### PROBLEM DETAILS
The data below contains pictures, which are to be skipped; the lines starting at the line with "der Zukunft 336" and ending at the line with "YiTuYu艺图语 Vol 6227" are to be output exactly, both ends included.

DATA EXTRACTS START

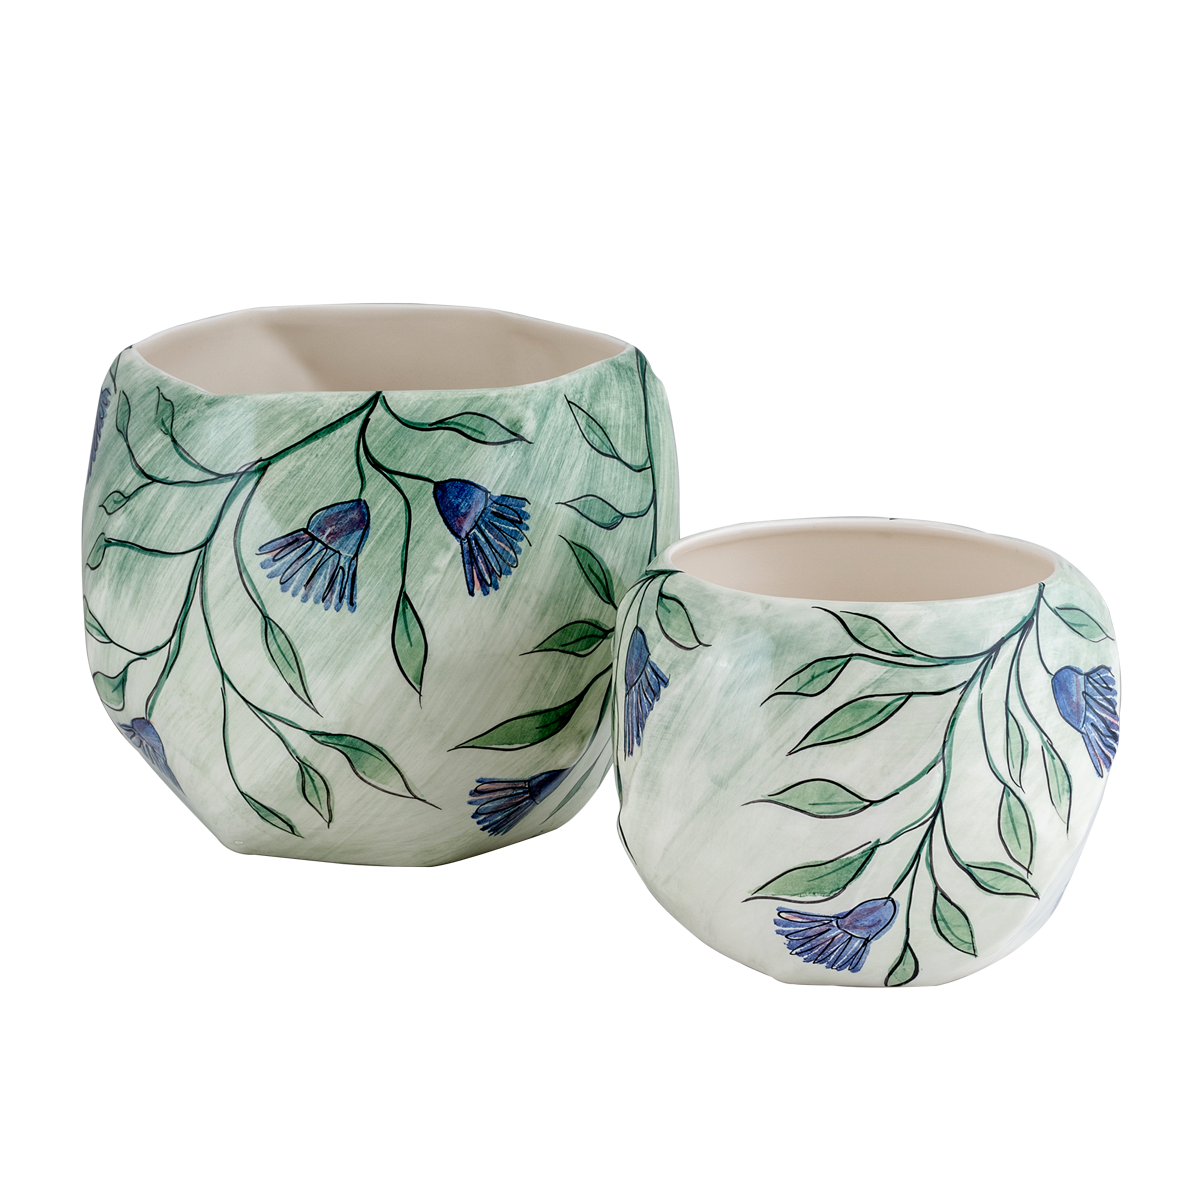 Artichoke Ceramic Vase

DATA EXTRACTS END
DATA EXTRACTS START

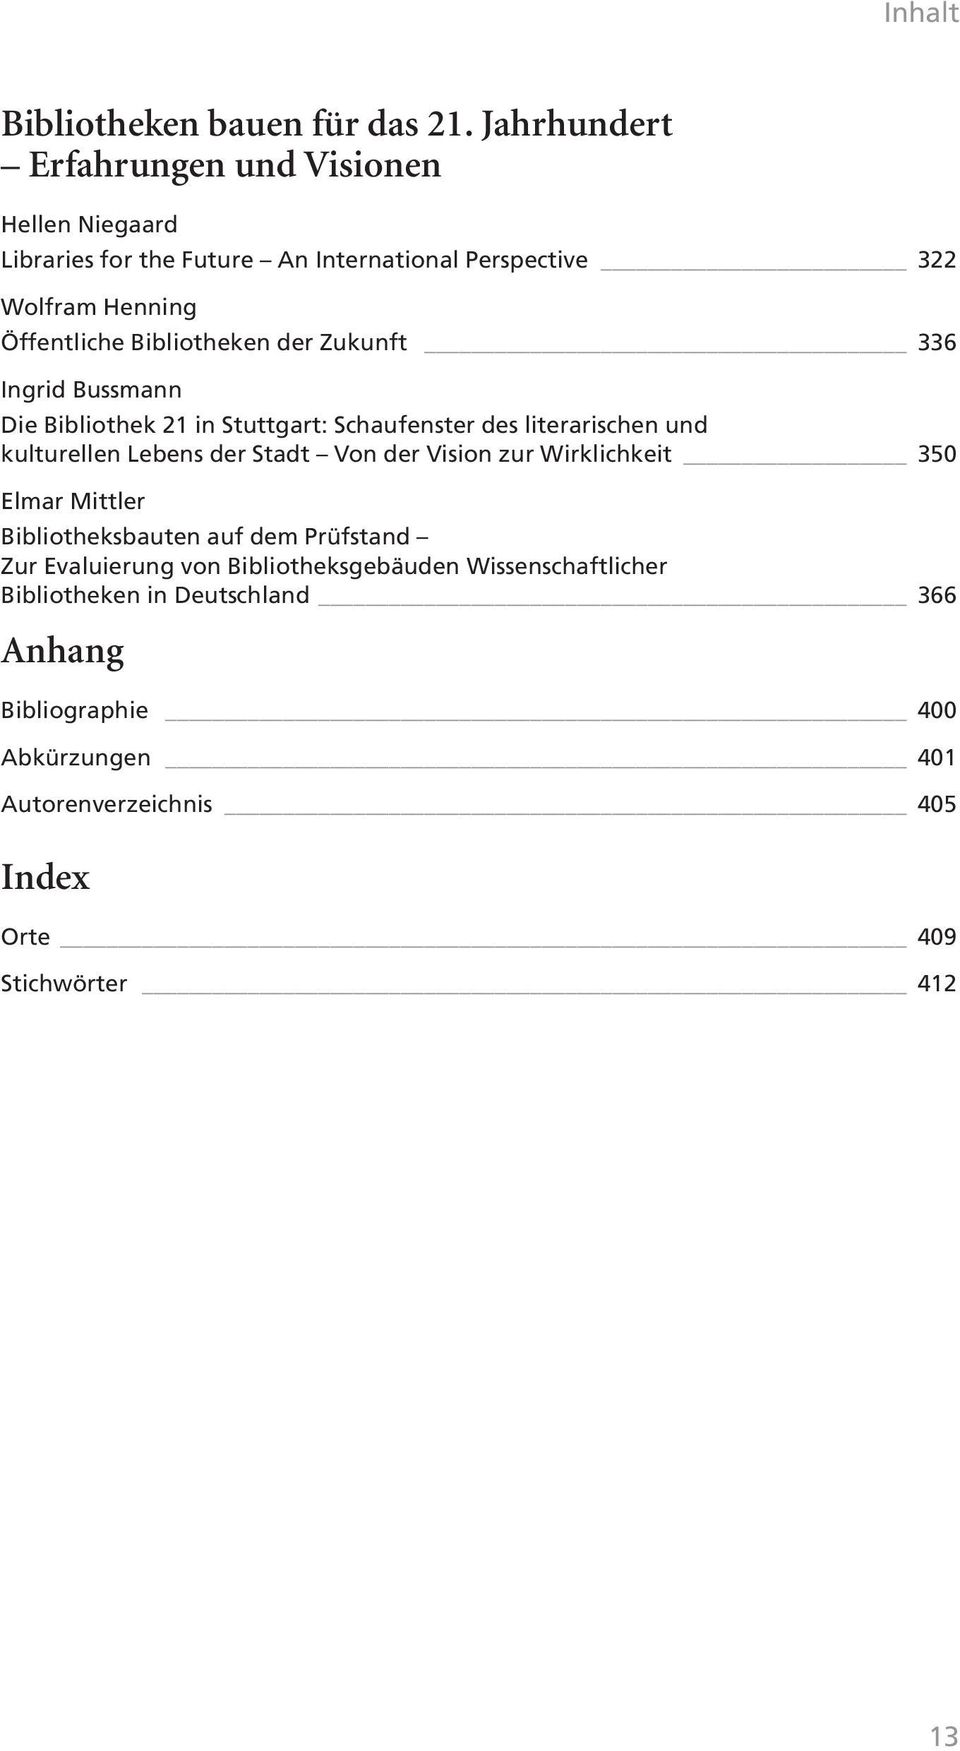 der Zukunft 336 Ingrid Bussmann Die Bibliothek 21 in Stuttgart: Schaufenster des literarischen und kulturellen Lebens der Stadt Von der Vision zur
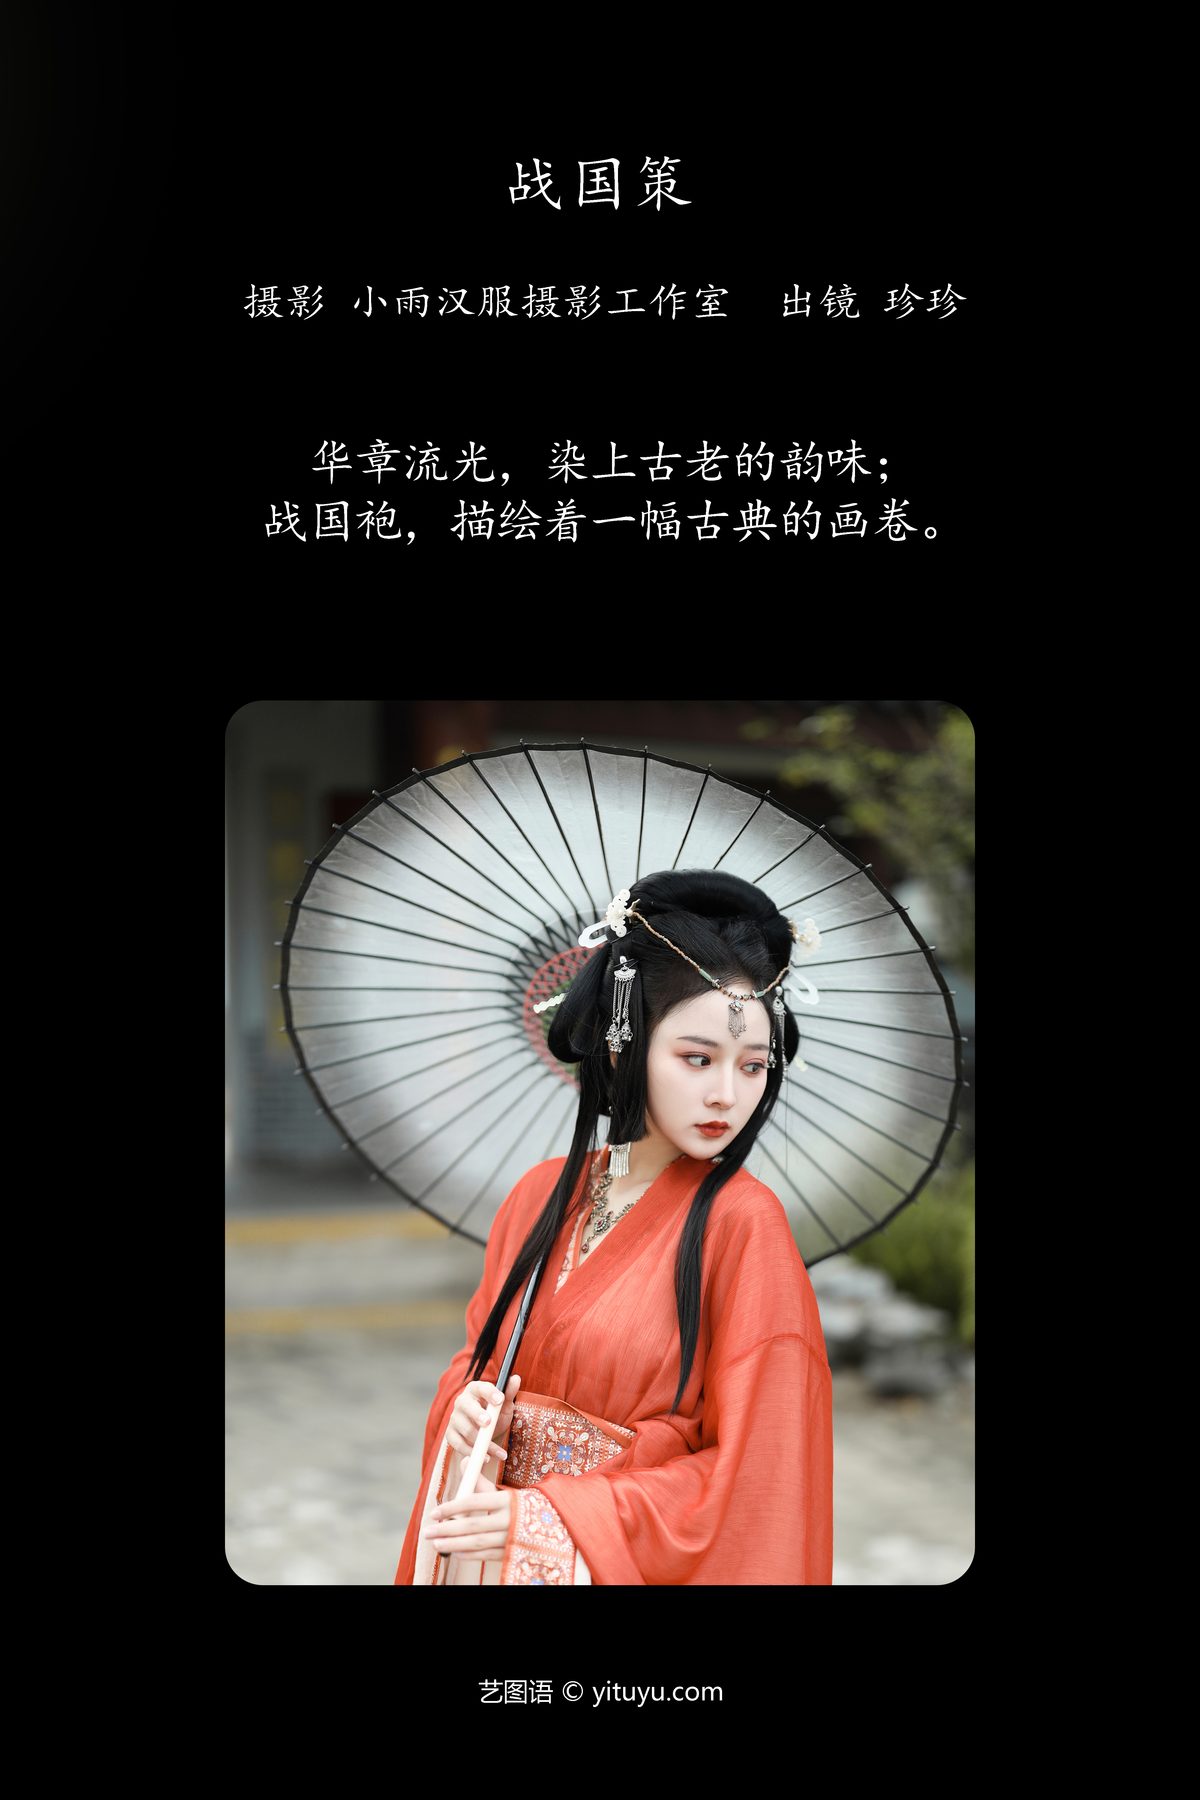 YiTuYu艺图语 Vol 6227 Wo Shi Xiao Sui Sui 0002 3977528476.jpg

DATA EXTRACTS END

### ANSWER TO THIS PROBLEM
 der Zukunft 336 Ingrid Bussmann Die Bibliothek 21 in Stuttgart: Schaufenster des literarischen und kulturellen Lebens der Stadt Von der Vision zur
 YiTuYu艺图语 Vol 6227 Wo Shi Xiao Sui Sui 0002 3977528476.jpg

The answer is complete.